14. The refrigeration apparatus according to claim 1, wherein the tray body has a heating device for heating the form areas.

15. A refrigeration apparatus comprising:

an ice maker including: a refrigerant circuit; an ice maker tray having: a tray body disposed in the refrigerant circuit, form areas for presetting forms for ice form elements to be produced, the form areas being integrated in the tray body, a flow channel for a refrigerant fluid of the refrigerant circuit, the flow channel being integrated in the tray body, the flow channel having an inlet, a main portion, and an outlet, the main portion being expanded with respect to the inlet and the outlet for defining an evaporator of the refrigerant circuit, the form areas extending into the flow channel, the flow channel having a channel axis, and the flow channel being closed in circumferential direction around the channel axis.

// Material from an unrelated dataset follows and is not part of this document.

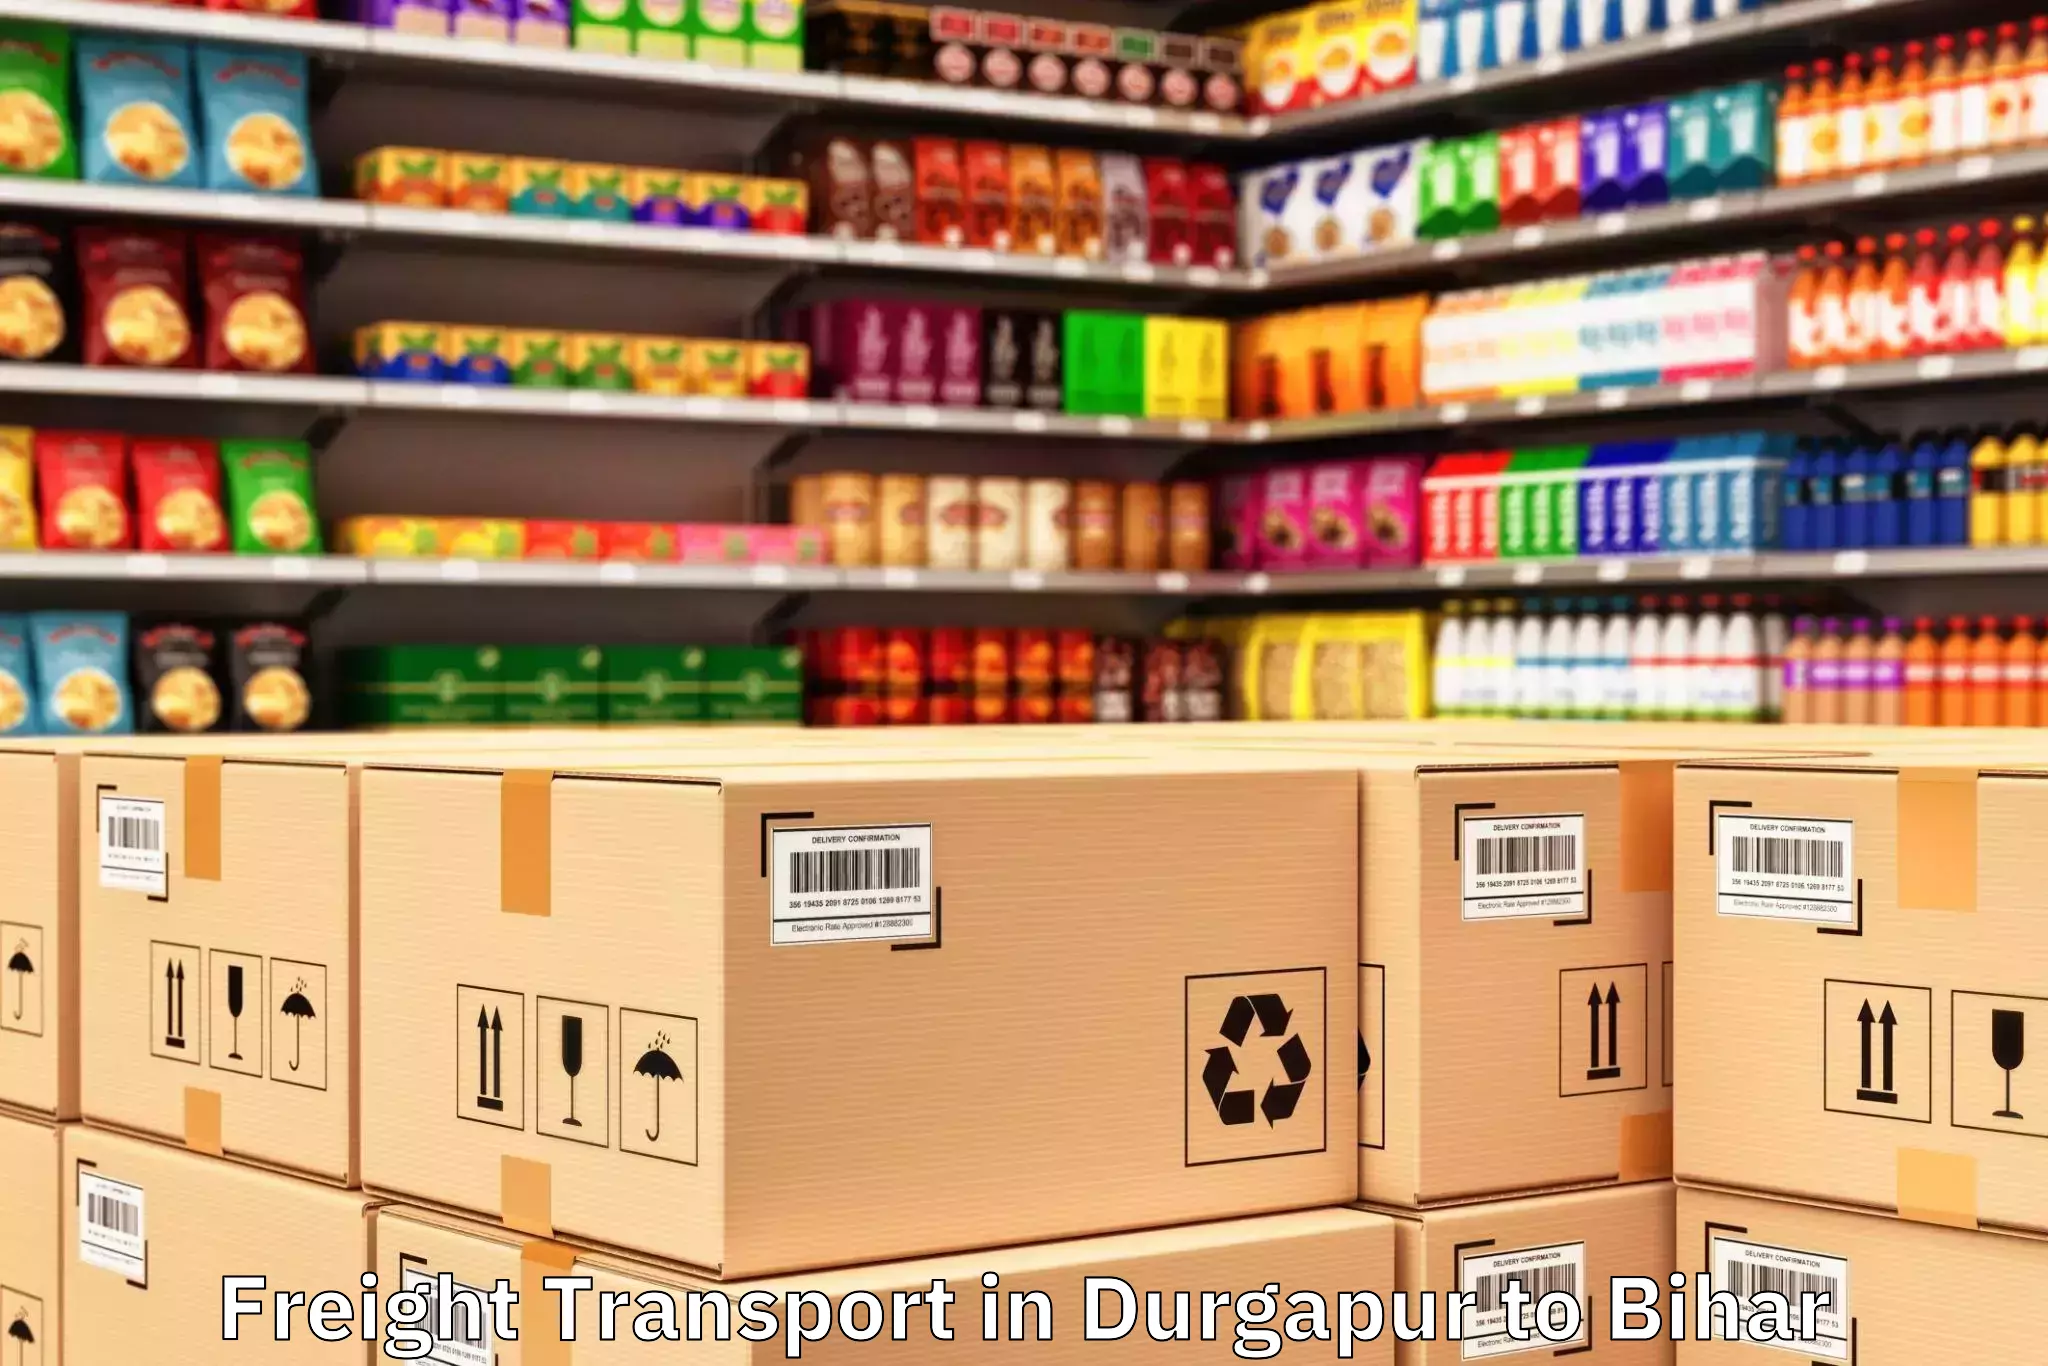 Quality Durgapur to Madhepur Freight Transport

16. A household refrigeration apparatus having:

an ice maker having:

a refrigerant circuit;

an ice maker tray having:

a tray body disposed in the refrigerant circuit,

form areas for presetting forms for ice form elements to be produced, the form areas being integrated in the tray body,

a flow channel for a refrigerant fluid of the refrigerant circuit, the flow channel being integrated in the tray body and extending between the form areas, the flow channel having an inlet, a main portion, and an outlet, the main portion being expanded with respect to the inlet and the outlet for defining an evaporator of the refrigerant circuit,

the flow channel having a channel axis, and

the flow channel being closed in circumferential direction around the channel axis.

17. A refrigeration apparatus having:

an Ice maker tray including: a first ice maker tray part, in which form areas are formed, forms for ice form elements to be produced being preset by the form areas, a second ice maker tray part being connected to the first ice maker tray part, the first and second tray parts defining a tray body disposed in a refrigerant circuit of the ice maker, a channel for a refrigerant fluid of the refrigerant circuit, the channel being formed between the first ice maker tray part and the second ice maker tray part, the channel having an inlet, a main portion, and an outlet, the main portion being expanded with respect to the inlet and the outlet for defining an evaporator of the refrigerant circuit, a first channel wall bounding the channel being formed by a wall of the first ice maker tray part, a second channel wall bounding the channel being formed by a wall of the second ice maker tray part,

the form areas extending into the channel, a channel inlet being formed by at least one of the two ice maker tray parts, and a channel outlet being formed by at least one of the two ice maker tray parts.

18. A refrigeration apparatus comprising:

a tray body disposed in a refrigerant circuit of an ice maker,

form areas for presetting forms for ice form elements to be produced, the form areas being integrated in the tray body,

a flow channel for a refrigerant fluid of the refrigerant circuit, the flow channel being integrated in the tray body and extending between the form areas, the flow channel having an inlet, a main portion, and an outlet, the main portion being expanded with respect to the inlet and the outlet for defining an evaporator of the refrigerant circuit.